The line containing "Ear-Swim (Dung dịch làm khô tai)" and each line after it, through the final line of the data, are to be retyped exactly, with pictures left out.

**** DATA BLOCK ****

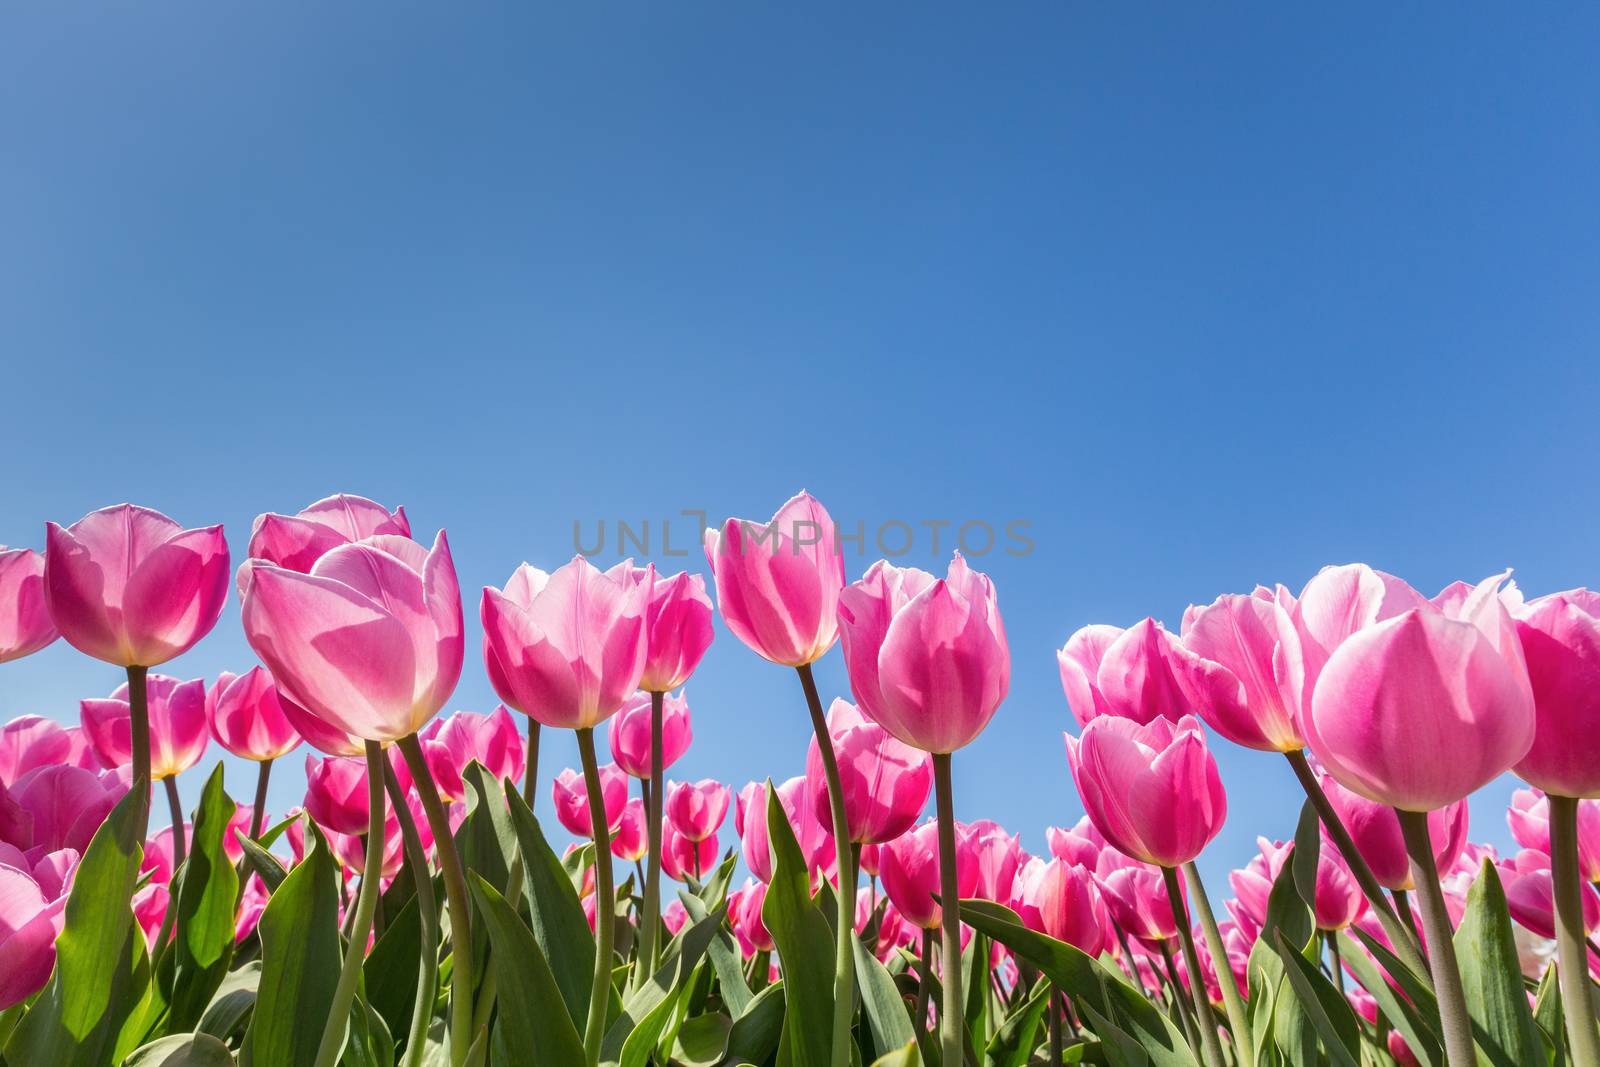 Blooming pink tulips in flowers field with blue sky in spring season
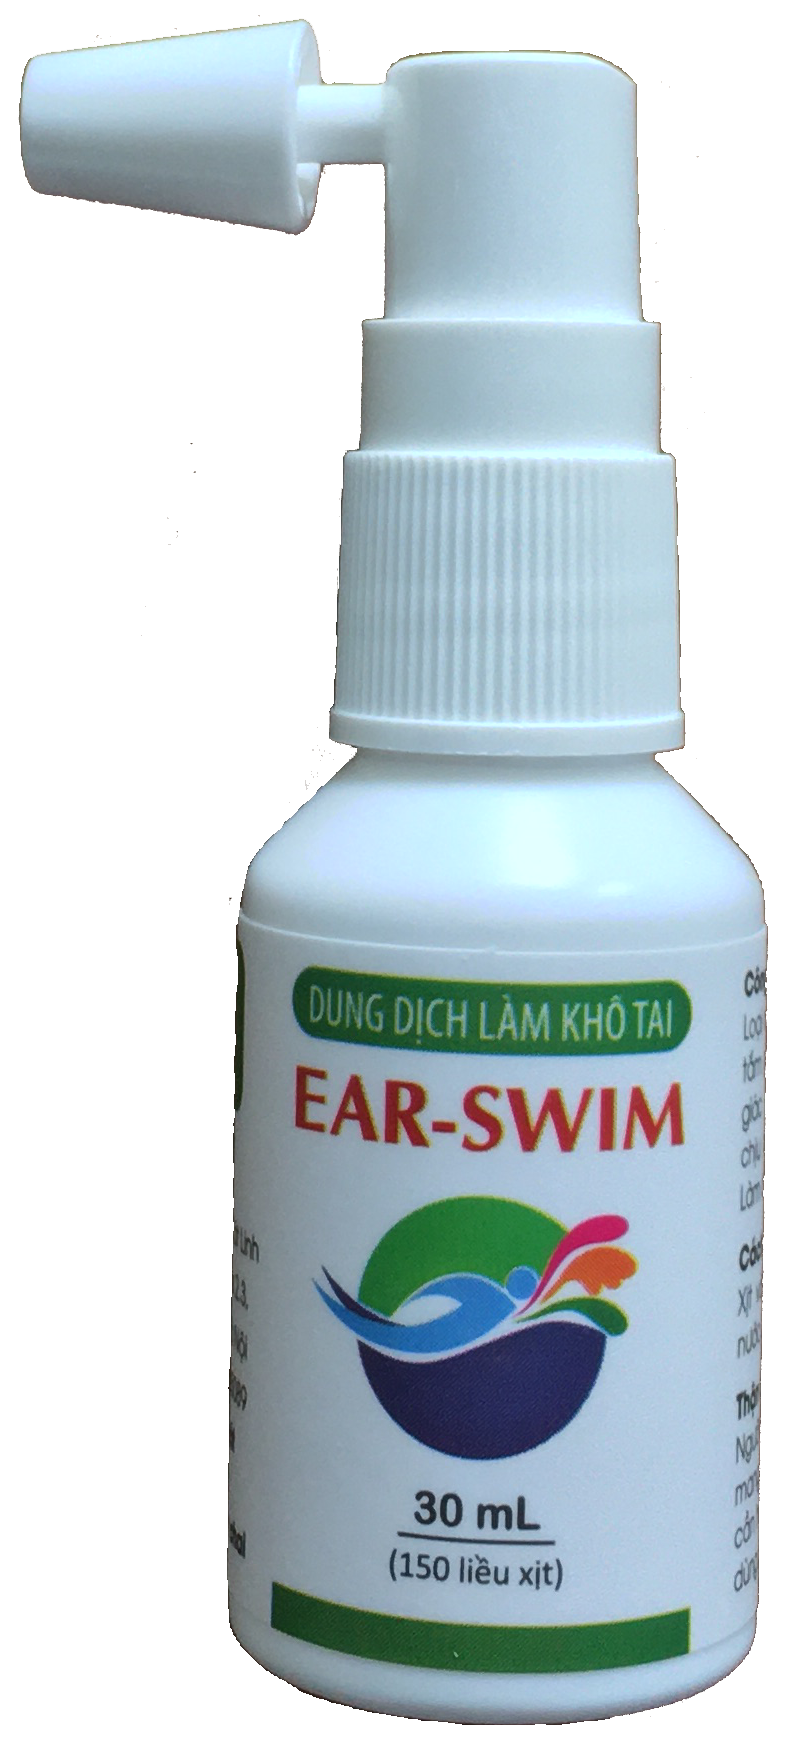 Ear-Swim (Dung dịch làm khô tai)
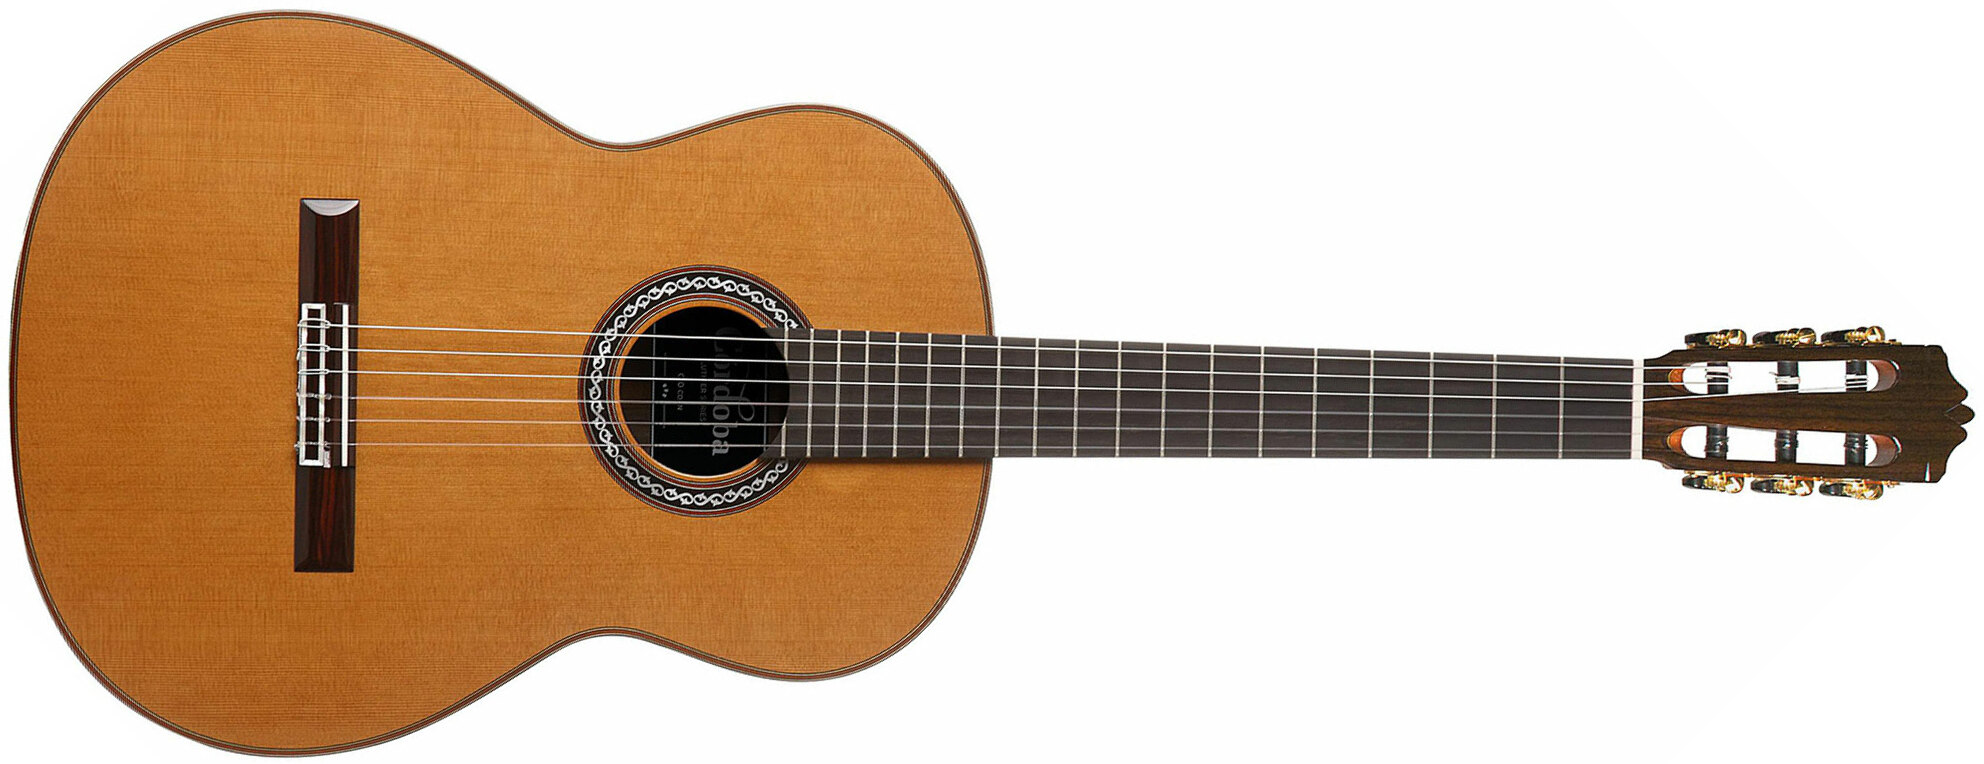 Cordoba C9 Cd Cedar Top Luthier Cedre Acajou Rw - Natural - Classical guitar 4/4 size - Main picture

****

ANSWER SECTION
 Ear-Swim (Dung dịch làm khô tai)
 Cordoba C9 Cd Cedar Top Luthier Cedre Acajou Rw - Natural - Classical guitar 4/4 size - Main picture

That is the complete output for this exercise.